Contexte : une inégalité de traitement sanctionnée par la Cour constitutionnelle

Dans son arrêt du 24 octobre 2025, la Cour constitutionnelle a jugé que le régime du reclassement externe créait une différence de traitement injustifiée entre des salariés placés dans des situations comparables.

En effet, une indemnité forfaitaire est prévue lorsque l’employeur est dispensé du reclassement interne pour « préjudices graves », alors qu’aucune indemnité n’est accordée lorsque l’employeur est dispensé parce qu’il remplit les quotas légaux de salariés handicapés ou reclassés.

 

Régime actuellement en vigueur

Aujourd’hui, l’indemnité forfaitaire n’est due que dans des cas limités :

  • Employeurs de moins de 25 salariés : en cas de reclassement externe, l’employeur verse une indemnité forfaitaire au salarié, intégralement remboursée par le Fonds pour l’emploi.

 

  • Employeurs de 25 salariés ou plus :
  • indemnité due (sans remboursement) lorsque l’employeur obtient une dispense de reclassement interne pour préjudices graves ;
  • aucune indemnité lorsque l’employeur est dispensé de reclassement interne parce qu’il remplit les quotas légaux.

 

Ce que prévoit le projet de loi

  • Principe général : indemnité forfaitaire pour tout reclassement externe

Le projet propose d’introduire un principe selon lequel, dès qu’un salarié fait l’objet d’une décision de reclassement professionnel externe par la Commission mixte, l’employeur devra verser une indemnité forfaitaire.

Le calcul du montant de l’indemnité resterait identique au système actuel.

 

  • Généralisation du remboursement par le Fonds pour l’emploi

Aux termes de ce projet, le Gouvernement souhaite que l’indemnité soit, par principe, remboursée à l’employeur par le Fonds pour l’emploi, sur demande introduite dans un délai de six mois.
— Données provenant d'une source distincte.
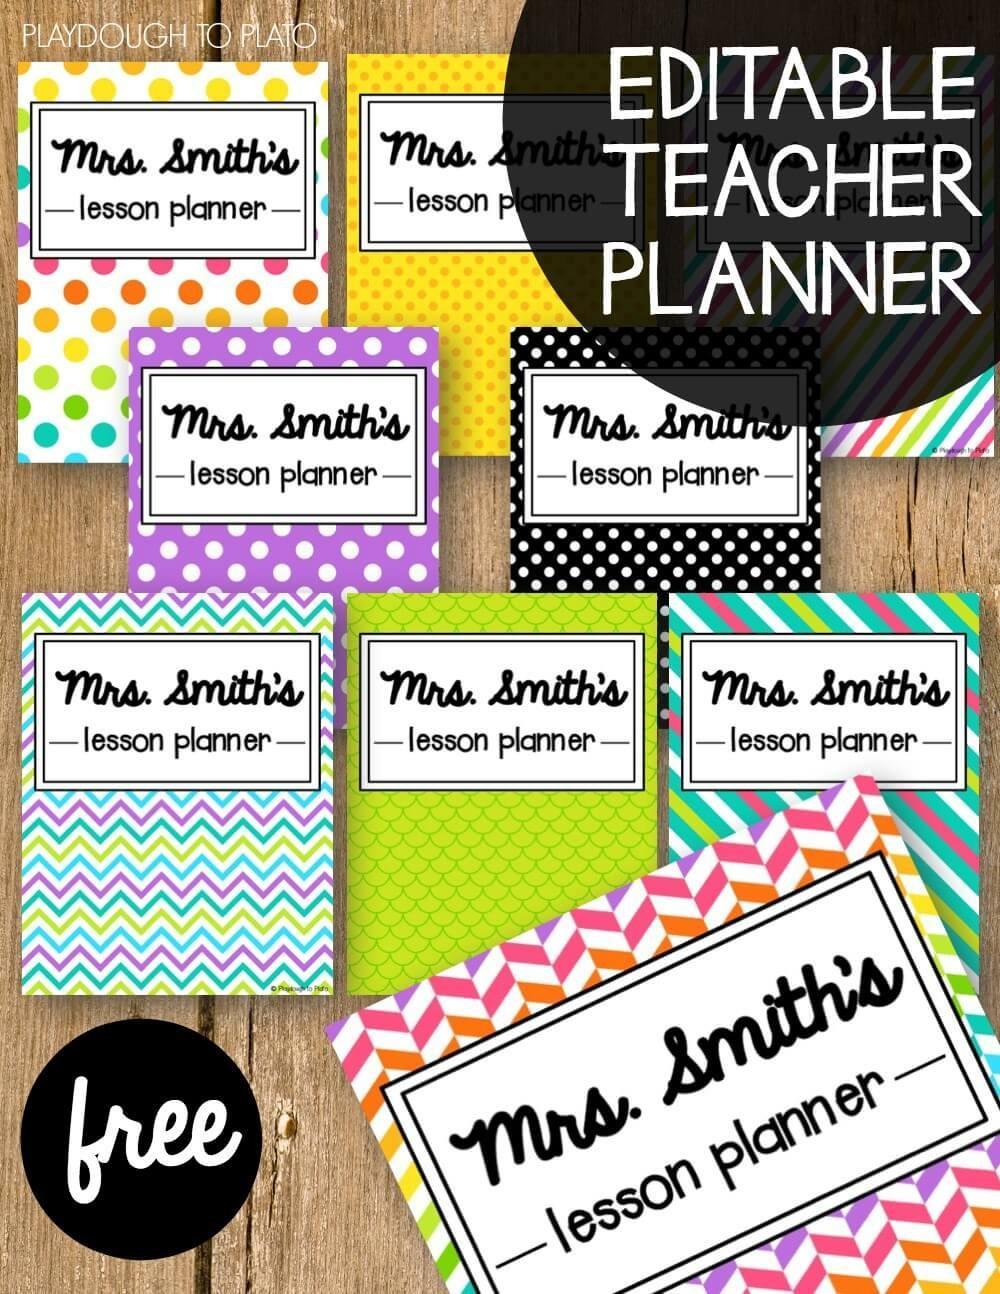 Free Teacher Planner - Playdough To Plato - Free Printables For Teachers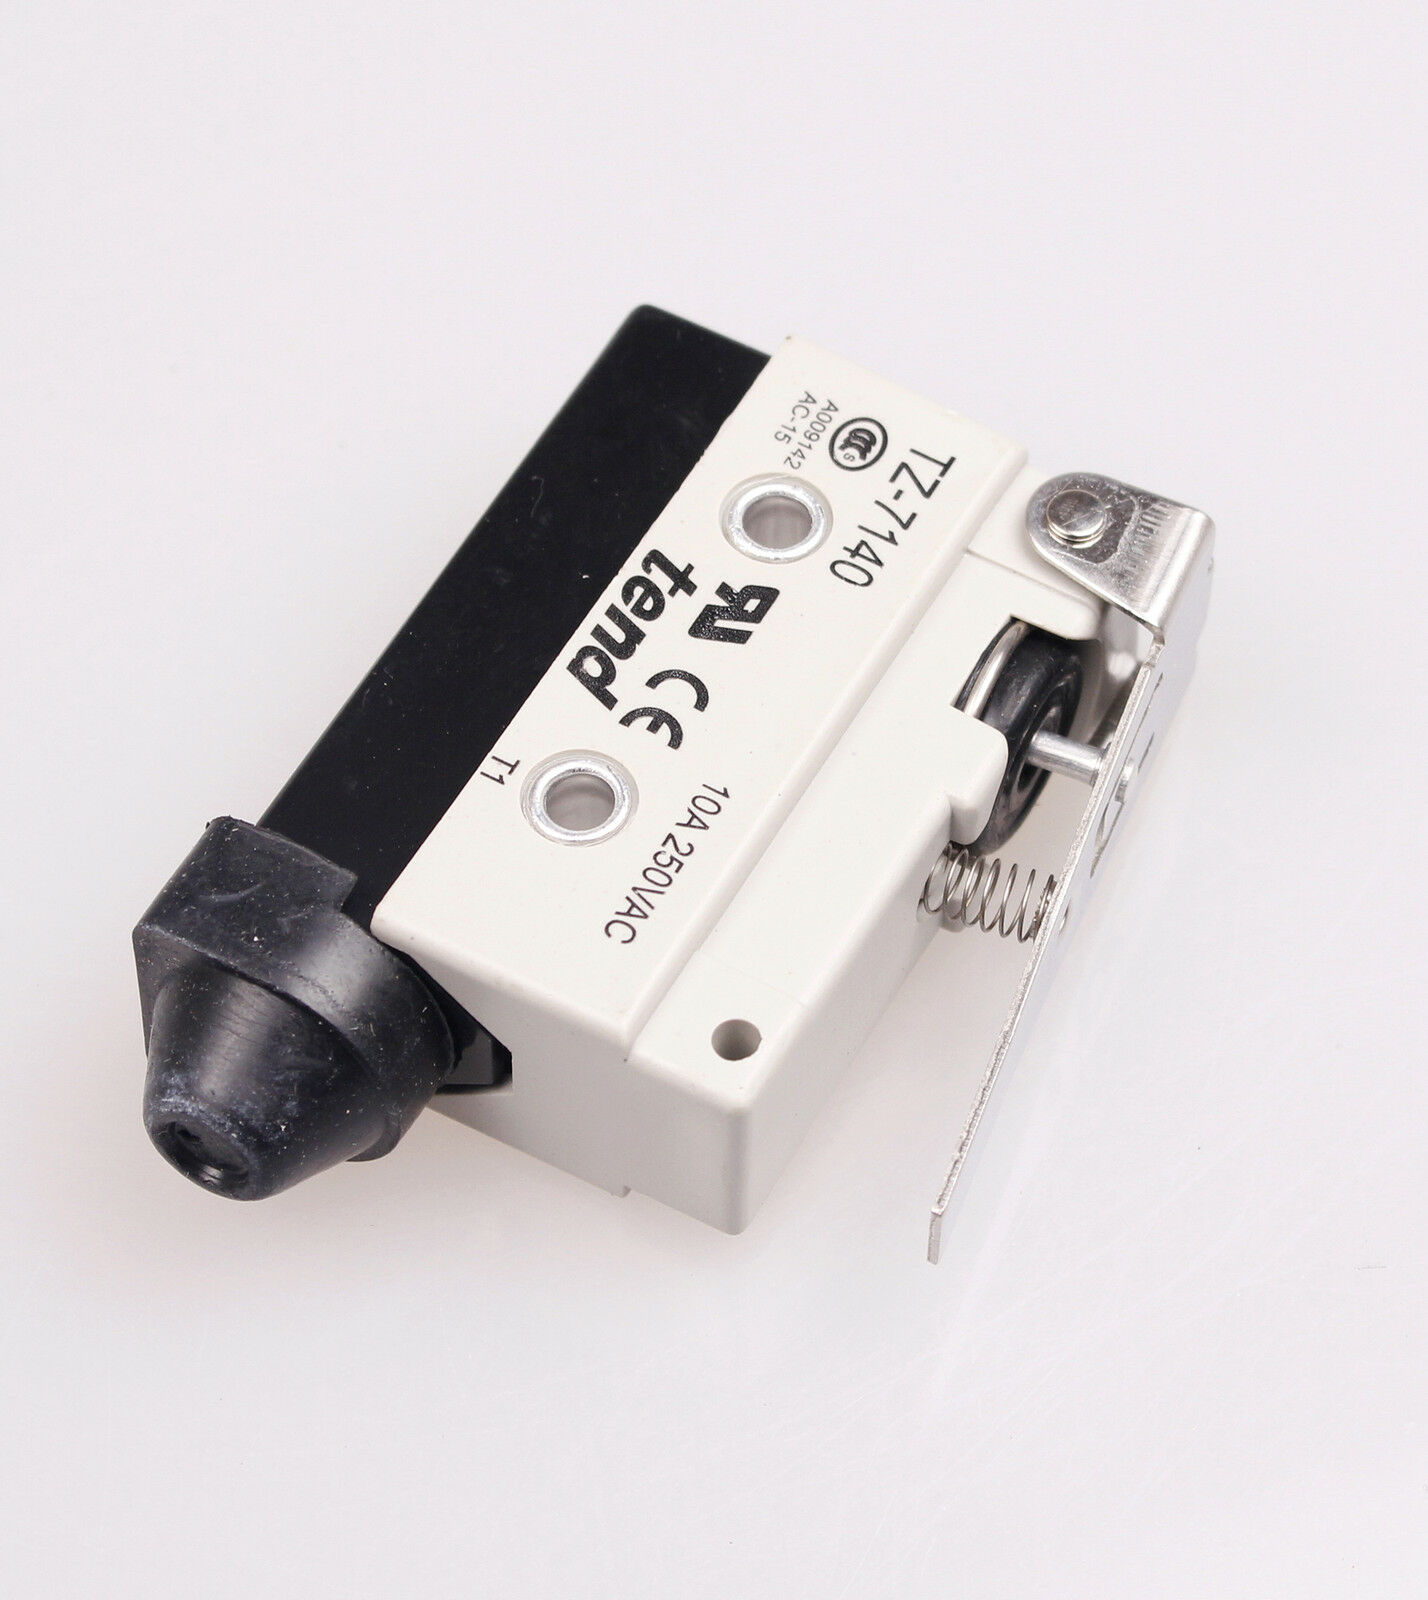 AC 380V 10A Hinge Lever Type SPDT Snap Action Limit Switch TZ-7140

Deux exceptions importantes sont toutefois prévues :

  • Refus de reclassement interne par l’employeur : aucun remboursement ne sera accordé.
  • Dispense pour préjudices graves : pour ces situations, le remboursement sera réservé aux entreprises de moins de 50 salariés. Les entreprises de 50 salariés et plus devront supporter définitivement cette charge financière.

 

  • Cas exclus du droit à indemnité

L’indemnité ne sera pas due lorsque le reclassement externe intervient alors que le salarié :

  • est concerné par une cessation d’activité de son employeur ;
  • se trouve en période de préavis à la suite d’un licenciement ;
  • se trouve en période de préavis à la suite d’une démission.

 

Le dépôt du projet marque la première étape du processus législatif qui pourra voir évoluer les mesures proposées par le Gouvernement.